SECURITIES AND EXCHANGE COMMISSION

Washington, D.C. 20549

 

 

FORM 8-K

 

 

CURRENT REPORT

Pursuant to Section 13 or 15(d)

of the Securities Exchange Act of 1934

Date of Report (Date of earliest event reported): June 13, 2017 (June 7, 2017)

 

 

BlackRock Capital Investment Corporation

(Exact name of registrant as specified in its charter)

 

 

 

DELAWARE   814-00712   20-2725151

(State or other jurisdiction

of incorporation)

 

(Commission

File Number)

 

(IRS Employer

Identification No.)

40 East 52nd Street, New York, New York 10022

(Address of principal executive offices, including zip code)

(212) 810-5800

(Registrant’s telephone number, including area code)

 

 

Check the appropriate box below if the Form 8-K filing is intended to simultaneously satisfy the filing obligation of the registrant under any of the following provisions:

 

Written communications pursuant to Rule 425 under the Securities Act (17 CFR 230.425)

 

Soliciting material pursuant to Rule 14a-12 under the Exchange Act (17 CFR 240.14a-12)

 

Pre-commencement communications pursuant to Rule 14d-2(b) under the Exchange Act (17 CFR 240.14d-2(b))

 

Pre-commencement communications pursuant to Rule 13e-4(c) under the Exchange Act (17 CFR 240.13e-4(c))

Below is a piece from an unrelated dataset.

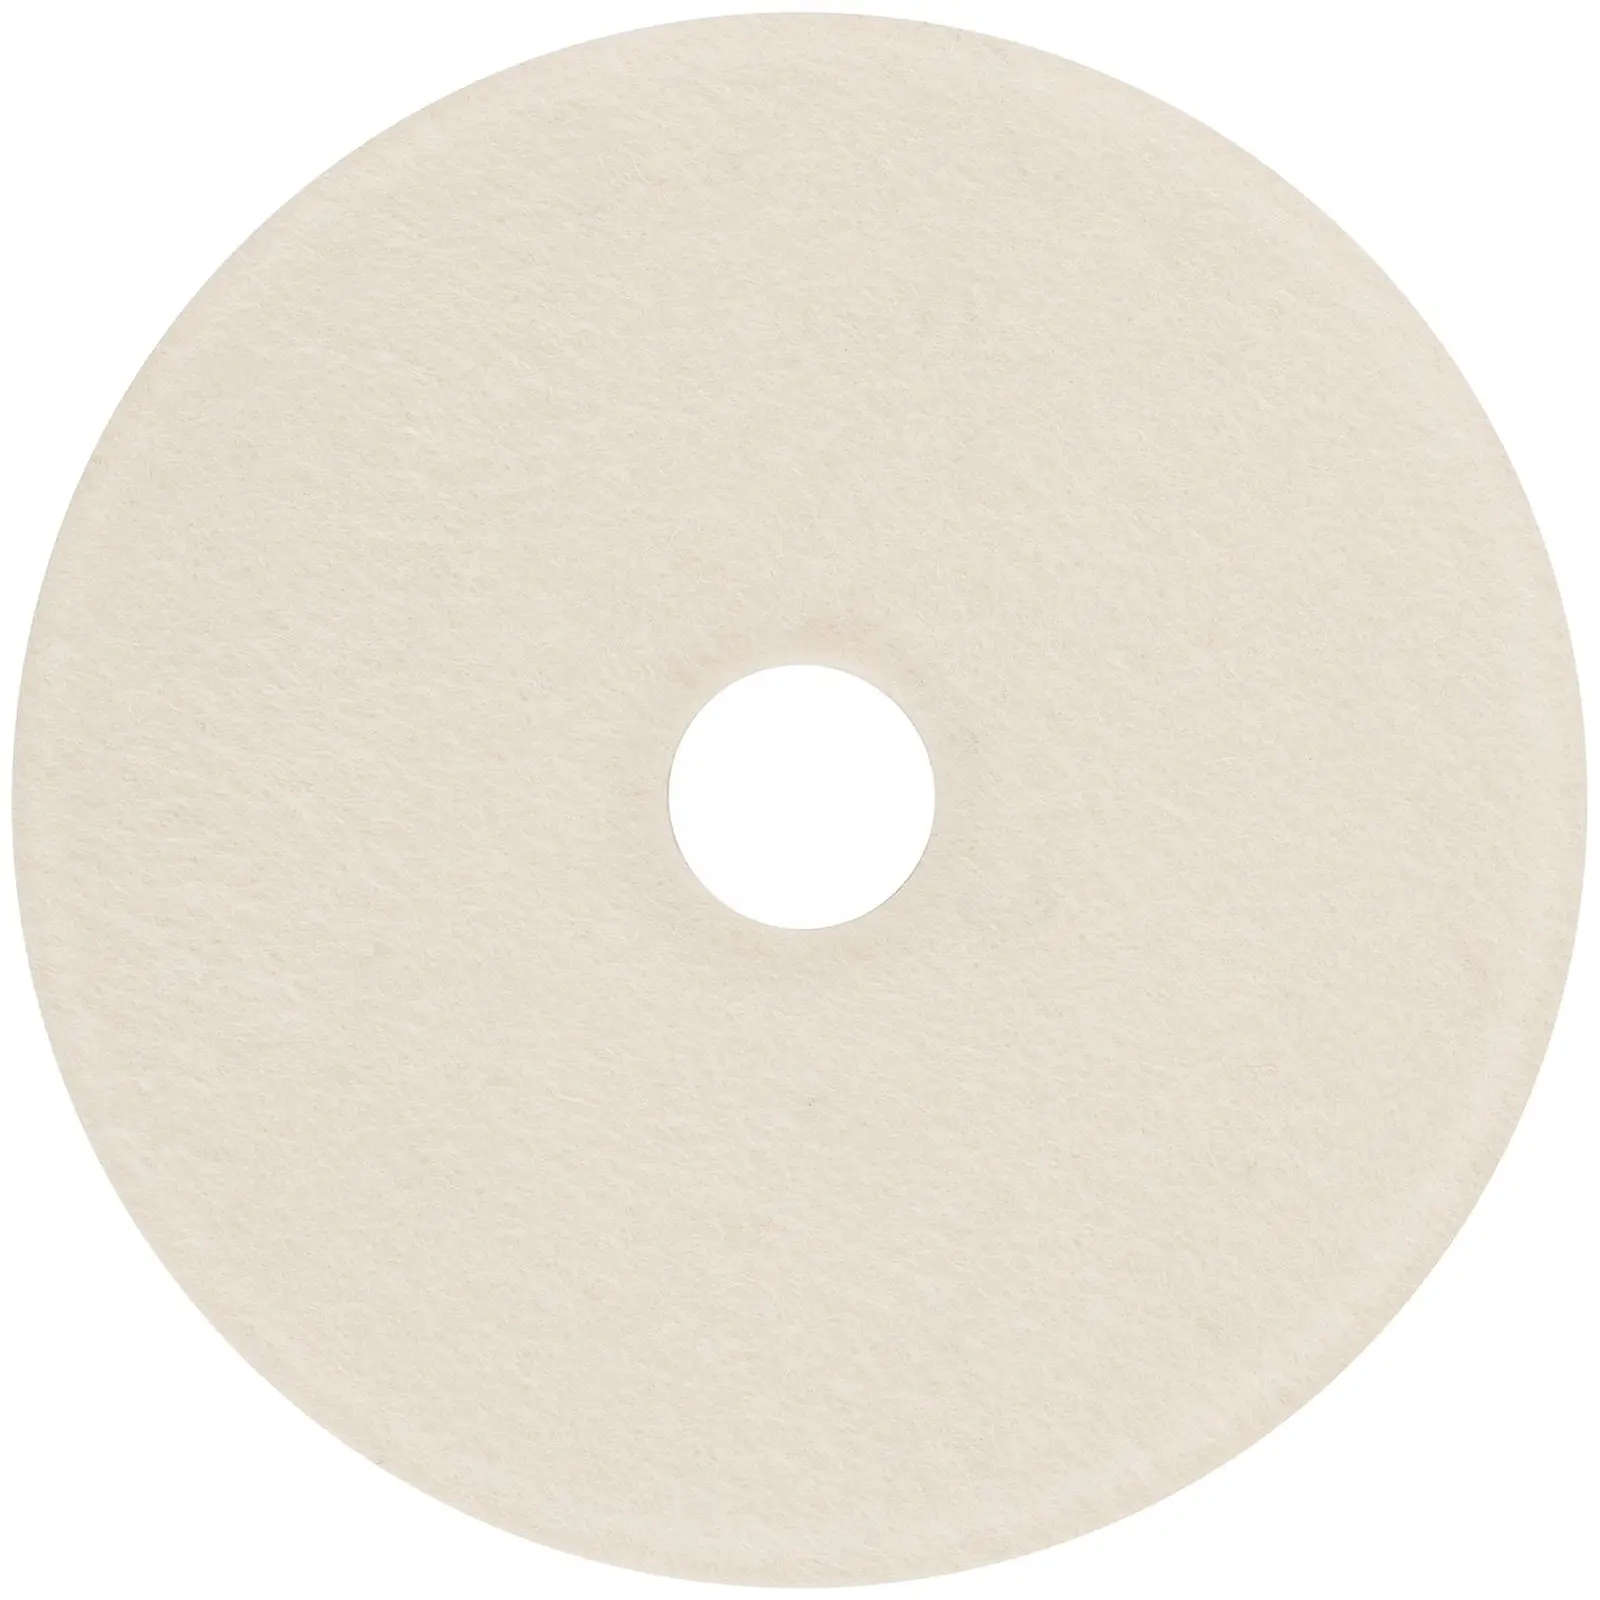 Set of 5 Polishing Discs - Ø 150 mm - fleece

Indicate by check mark whether the registrant is an emerging growth company as defined in as defined in Rule 405 of the Securities Act of 1933 (§ 230.405 of this chapter) or Rule 12b–2 of the Securities Exchange Act of 1934 (§ 240.12b–2 of this chapter).

Emerging growth company  ☐

If an emerging growth company, indicate by check mark if the registrant has elected not to use the extended transition period for complying with any new or revised financial accounting standards provided pursuant to Section 13(a) of the Exchange Act.  ☐

 

 

 


Item 8.01. Other Events.

On June 13, 2017, in connection with the previously announced public offering, BlackRock Capital Investment Corporation (“BCIC”, “Company”, “we” or “our”) issued $143.75 million in aggregate principal amount ($125 million of the initial offering and $18.75 million of the underwriters’ exercise of the overallotment option) of 5.00% Convertible Notes due 2022 (the “Notes”) under an indenture, dated as of June 13, 2017 (the “Base Indenture”), between the Company and Wilmington Trust, National Association, as trustee (the “Trustee”), as supplemented by a supplemental indenture, dated as of June 13, 2017 (the “Supplemental Indenture”), establishing the form and terms of the Notes.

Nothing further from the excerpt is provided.